Process & Schedule Considerations

  ChrisL: What we really want is to get approval from the group to
          move into Fonts 4.
  astearns: Proposed resolution is to take what's written and move
            into CSS4 Fonts.
  dbaron: Are there other substantial features in Fonts 4?
  fantasai: Yes.
  dbaron: How likely is this to progress relative to those?
  ChrisL: Similar. Chromatic fonts there right now. Gonna run on
          similar timescale.
  fantasai: Small set of simple features that have been added, then
            palette colors and whatnot.
  astearns: And when we find that things progress slower, we'll move
            them around.

  jdaggett: I think the underlying tech here hasn't been implemented
            on platforms yet.
  jdaggett: I think it's complex enough that issues will come up in
            the spec itself. Relative to other Fonts 4 features,
  ChrisL: I agree it hasn't quite shipped, but at the announcement
          last week there were OS companies and font foundries
          saying they were adding it. Adobe added a rasterizer to
  ChrisL: Much more ready than one would expect.
  behdad: OS 10.12 shipped San Francisco as a variation font.
  astearns: Things will shift, but do you think we should keep it
            out of Fonts 4?
  jdaggett: My concern is that the APIs for supporting them haven't
            been laid out completely.
  jdaggett: I think there are issues of how impls will be able to
            support this.
  jdaggett: I think it's fine for Fonts 4, but there could be, it
            could take longer than other features.
  ChrisL: We have things where we want to freeze a particular spec
          where a delta is hard to read, and this is effectively
  ChrisL: Like, Fonts 3 needs to have been shipped yesterday.
  ChrisL: Only definition of @font-face, and way past due.
  astearns: I don't think it slows down Fonts 4?
  ChrisL: But then you need to track changes.
  myles: I'm willing to do that.

scribe: fantasai
  TabAtkins: Given this is a brand new feature under heavy changes,
             this seems like a great thing to work out in the WICG.
  TabAtkins: Prefer to move new ideas into WICG instead of putting
             them into a spec with their features
  TabAtkins: Want to talk it out on a lower-volume list.
  astearns: Lower volume list, but also a different list that needs
            for people to subscribe to it.
  ChrisL: What's the benefit here? We have the font people here, and
          CSS people here.
  TabAtkins: Didn't want to mix up this feature with unrelated
             features like font palettes.
  TabAtkins: The point here is to have smaller groups that are more
  leaverou: If everyone in the CSSWG joins WICG group, how is that
  TabAtkins: Not everybody would join.
  Rossen: WICG is a separate topic.
  Rossen: Discussion is on Fonts 4.
  <jdaggett> I think this feature will affect some fairly
             fundamental CSS features
  <jdaggett> font properties and @font-face rule
  <ChrisL> I mentioned the size savings earlier

  Bert: I think good idea to put this into the draft.
  Bert: But should make the draft official draft for the WG.
  fantasai: I thought we had an outstanding resolution to publish?
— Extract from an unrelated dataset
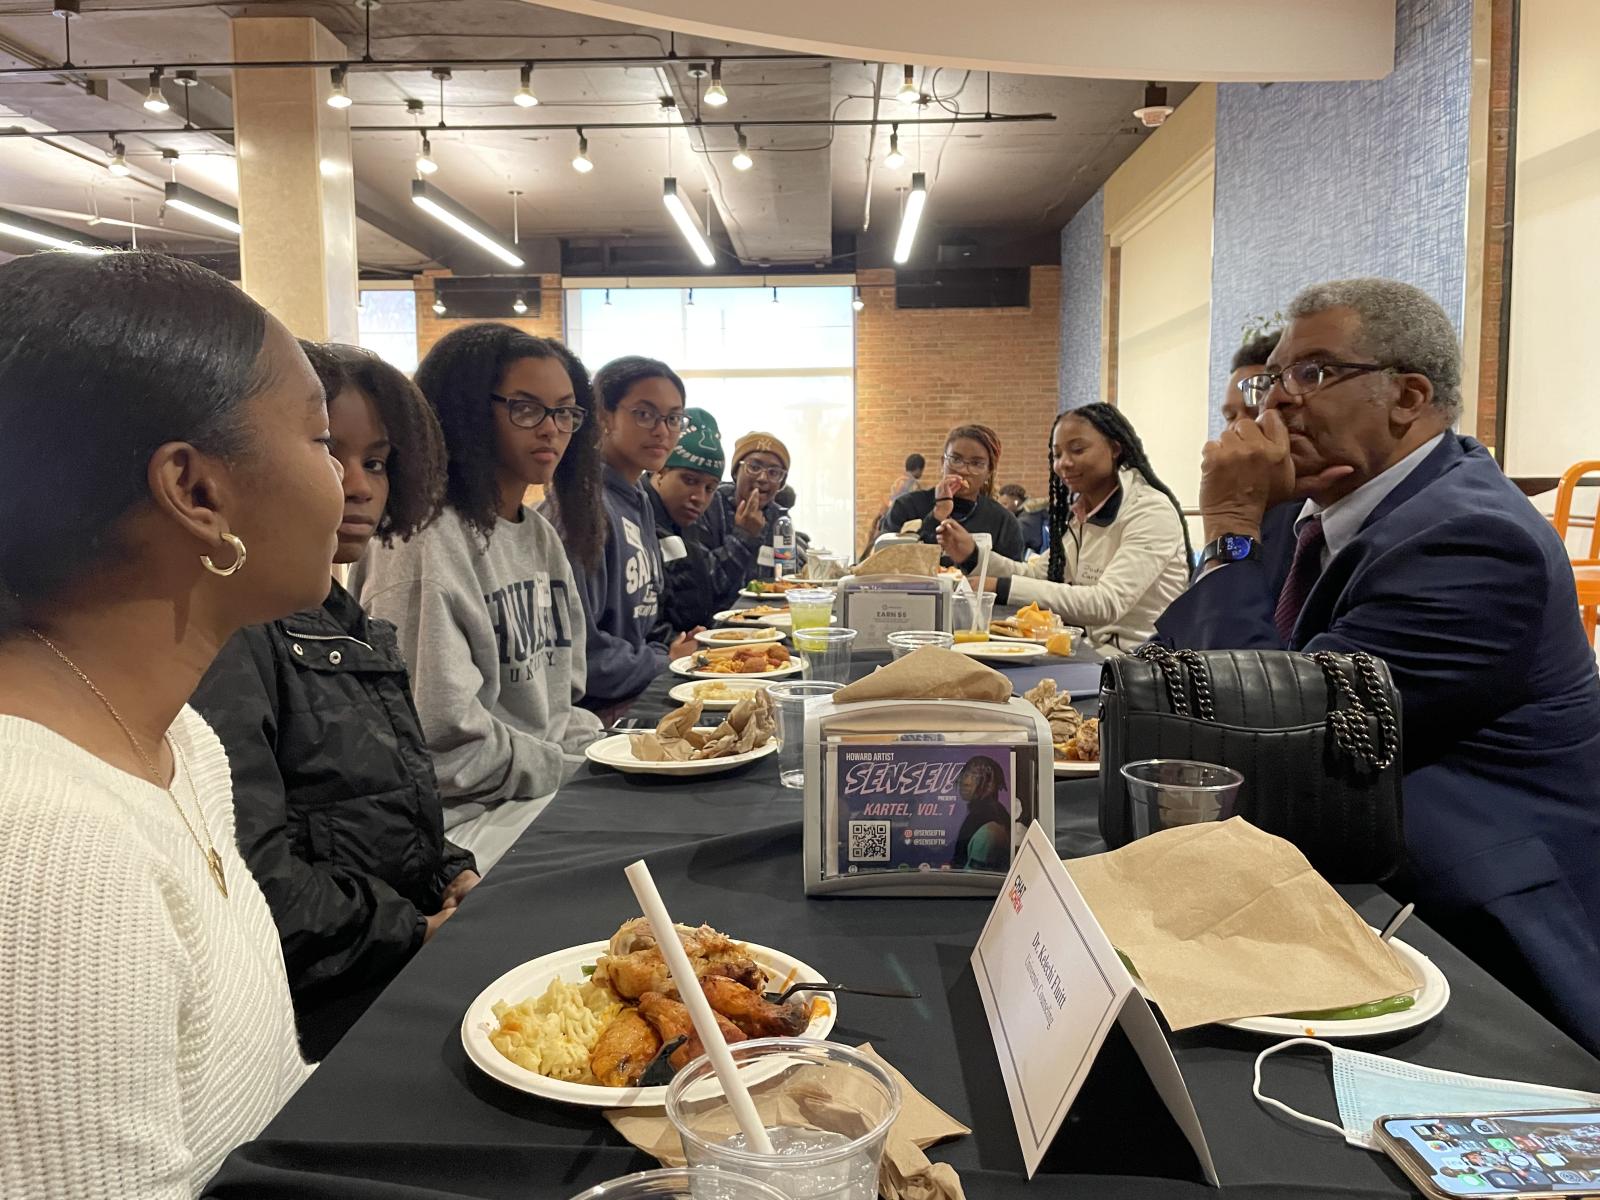 Students dining with administrators
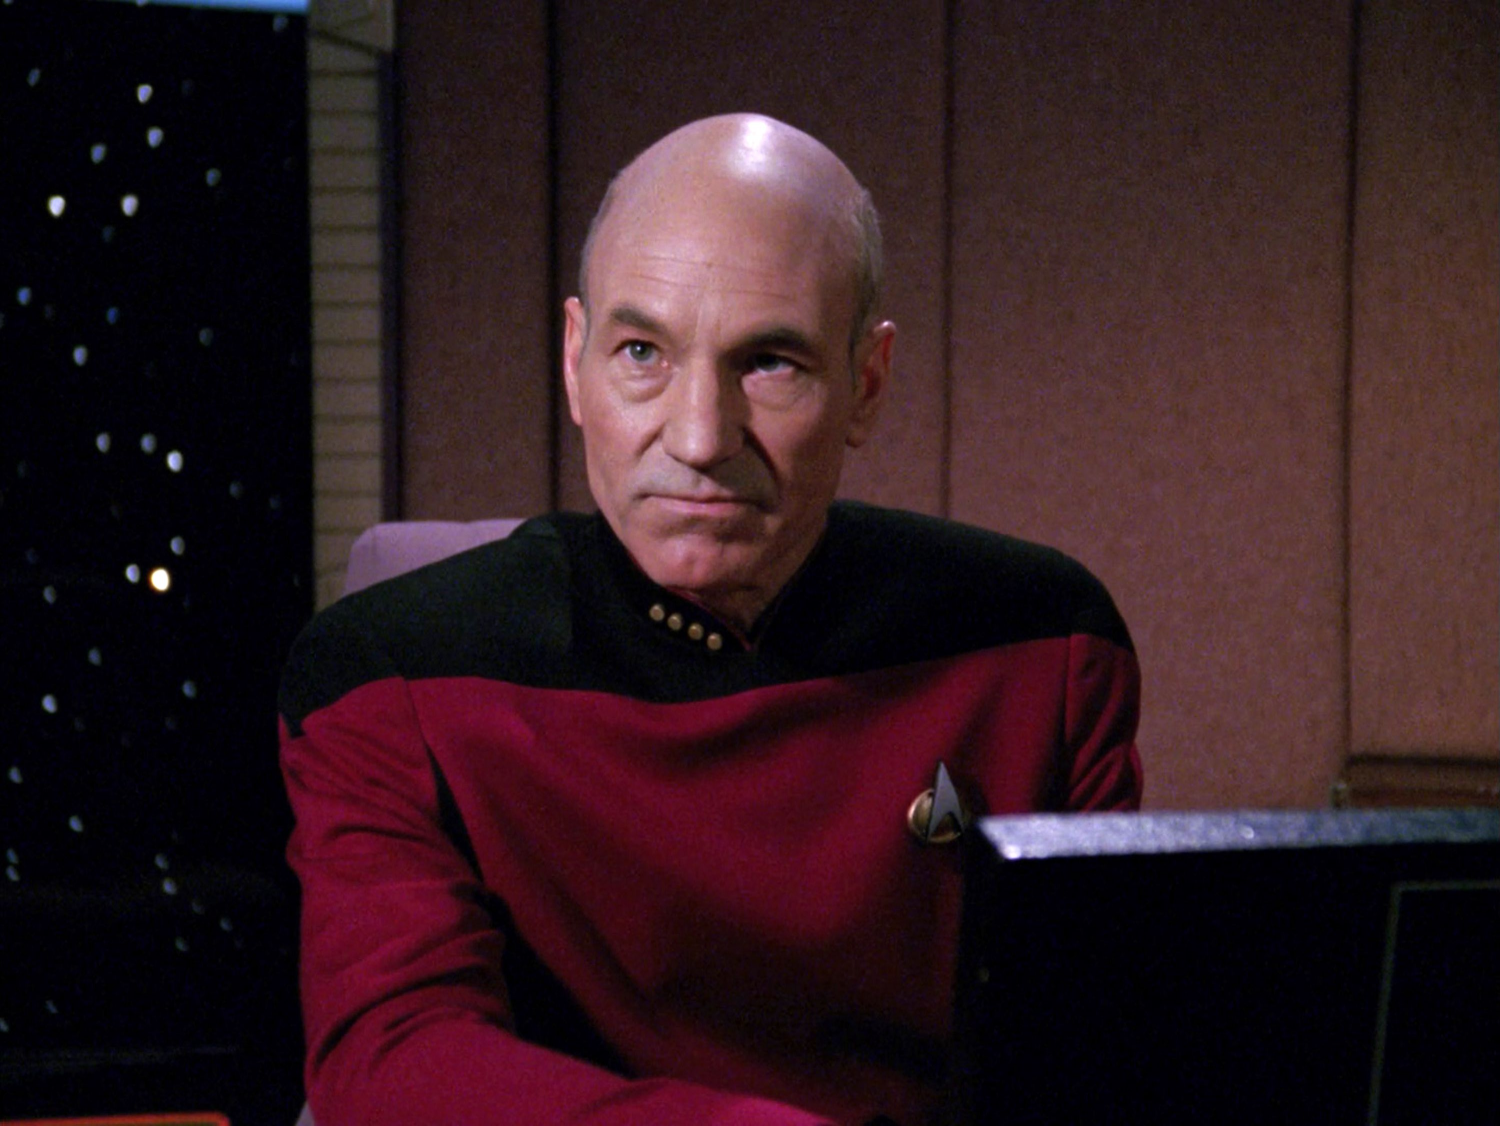 High Quality PICARD LOOKS UP FROM THE MONITOR ANGRILY Blank Meme Template

  Vlad: I'm not concerned about people in this room, concerned about
        people who are not in this room but are subscribed to the
  <jdaggett> list? www-style?
  Vlad: I would be concerned that people would not be following.
  Vlad: Concerned about independent font designers, who have a lot
        of work on their main job to do.
  <jdaggett> agree with vlad
  Vlad: We have a lot of good participation on www-style from John
        Hudson, etc.
  <jdaggett> how to include type designers is critical
  <ChrisL> agree with vlad too
  astearns: We would notify the list, obviously.

  fantasai: In regards to whether Fonts 4 or WICG, something we can
            do for shorter-term features is just... rename the
            current draft to Fonts 5, merge in the small features to
            the current Fonts 3, make that Fonts 4.
  fantasai: Then we can just take like min-font-size, and system-ui
            font. They can go to CR as soon as editing is done.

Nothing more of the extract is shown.